Арсений неистово молился, сжав обеими руками большой крест, висевший на груди. Он так вошел в это святое действо, что, перекрыв своим огромным телом один из проходов между креслами, не обращал ни на кого никакого внимания. Обойти или протиснуться «сквозь него» не было никакой возможности. Пришлось ждать.
В сплошном гвалте вдруг как-то отдельно выделялось: «Господи, Спаси рабы твоя». Потом это заглушалось, и снова: «…Господи. Господи. Го-о-о-спо-ди…»
Чудо случилось или Божий промысел возобладал, но вдруг свечение в салоне стало исчезать. Всюду стали слышны какие-то неуверенные, но уже с искоркой счастья и радости голоса:
– Я, кажется, вижу. Только вот темно что-то вокруг.
– И я вижу… Кто-нибудь, включите, пожалуйста, свет…
– Господи, слава тебе.
– Мама, мама! А у меня глазки щиплет. Посмотри, а?
– Сейчас (плача), сейчас посмотрю, моя хорошая. Потерпи немножко. Ладно?
– Что, черт возьми, происходит, а?..
Похожее состояние возникает у шаловливых пацанов в раннем детстве. Придут, бывало, на какую-нибудь стройку и подолгу смотрят на дугу электросварки. Потом перепугаются до смерти, думая, что ослепли; трут руками глаза; слезы текут ручьем. Но проходит какое-то время, и они начинают постепенно «прозревать». Радость начинает переполнять их.
И они с глазами, полными слез, и еще дрожащим голосом говорят, говорят…
Дежурное освещение, так же как и аварийное, не сработало. Появились робкие огоньки зажигалок и слабенькие лучики света от брелочных, «мобильных» (не работающих телефонов) и прочих фонариков. Разные по мощности и силе лучики света стали биться во мраке в разные стороны, выхватывая на миг из темноты то измученные лица, то какие-то вещи и предметы.
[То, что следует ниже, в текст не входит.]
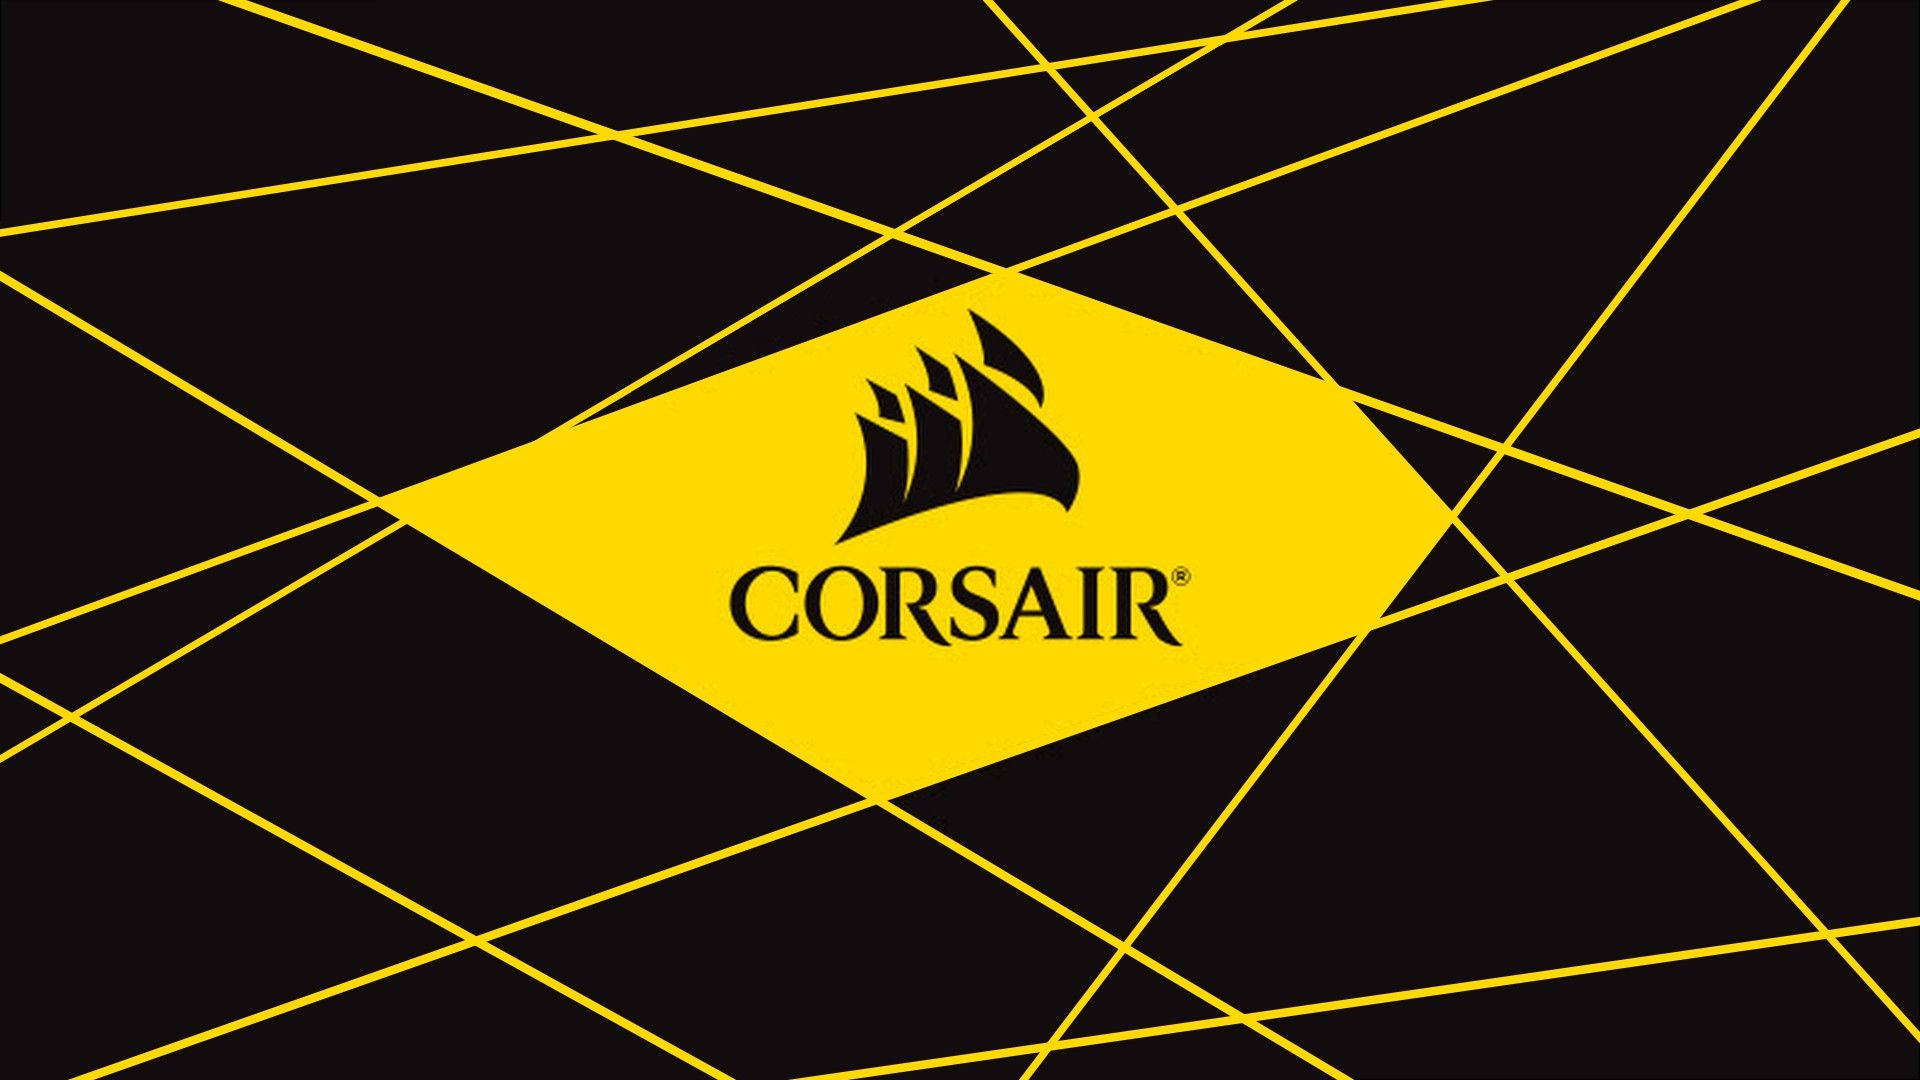 Corsair Pictures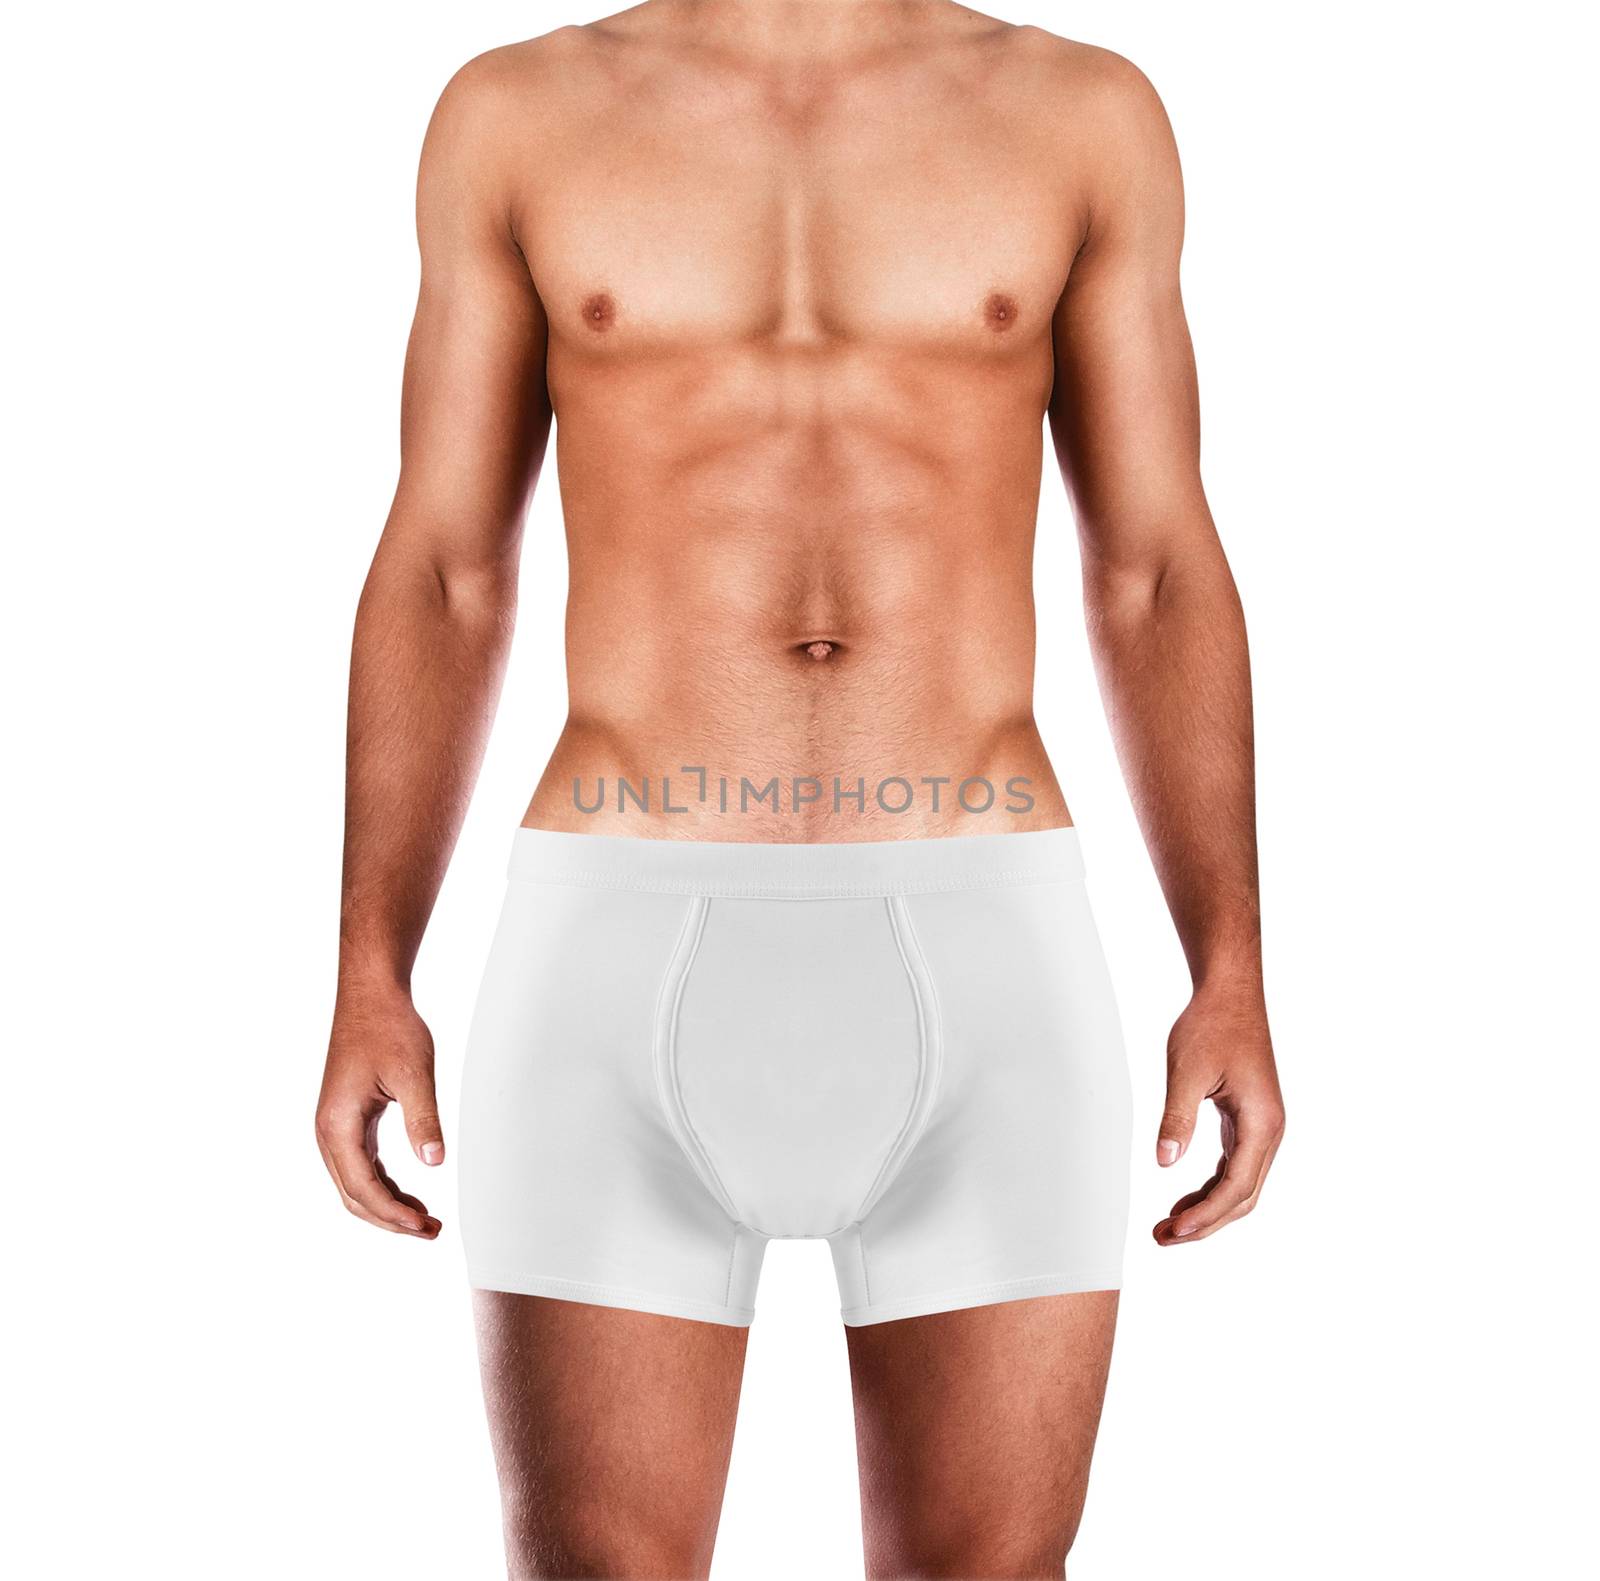 Male sexy underwear model in underpants

Люди стали искать друг друга. Зазвучали фамилии, имена и отчества, уменьшительно-ласкательные прозвища:
– Самохин… Самохин… Ты где?
– Палыч, Иван Палыч…
– Зайчик, я здесь… Здесь, около…
– Нина Григорьевна, Нина Григорьевна, идите сюда… Продвигайтесь к своему месту… Я здесь… Здесь я…
– Миленький ты мой! Я думала, что уже никогда тебя не увижу…
Стюардессы принесли несколько более мощных фонариков, сделанных непонятно как и из чего то ли связистами, то ли кем-то из телохранителей, расположили их по углам пассажирского салона. Стало светлее. Люди стали более или менее видеть друг друга, а также последствия недавней паники вокруг.
Бедные стюардессы! Они ни секунды не думали о себе. Ослепшие и обескураженные не меньше других, они сумели быстро, насколько это было возможно, взять себя в руки и продолжали выполнять свои обязанности, каждая на своем посту. Скрепя сердце, иногда кусая от бессилия губы в кровь, они работали и работали. Если бы не они, описать последствия произошедшего было бы невозможно.
Стало немного легче. Даже нельзя сказать «немного» – на какую-то йоту, на толику! А расслабляться нельзя ни на миг. Это их работа! Это их судьба! Поддерживая друг друга, держа себя в надлежащем виде, они буквально были везде. Ноги уже подкашивались от усталости. Но они по-прежнему спокойно, без нотки дрожи в голосе, говорили и… улыбались. Улыбались!
Господи! Кто замечал сейчас их улыбки?! Кому сейчас было дело до них. До их душевных мук и страданий?!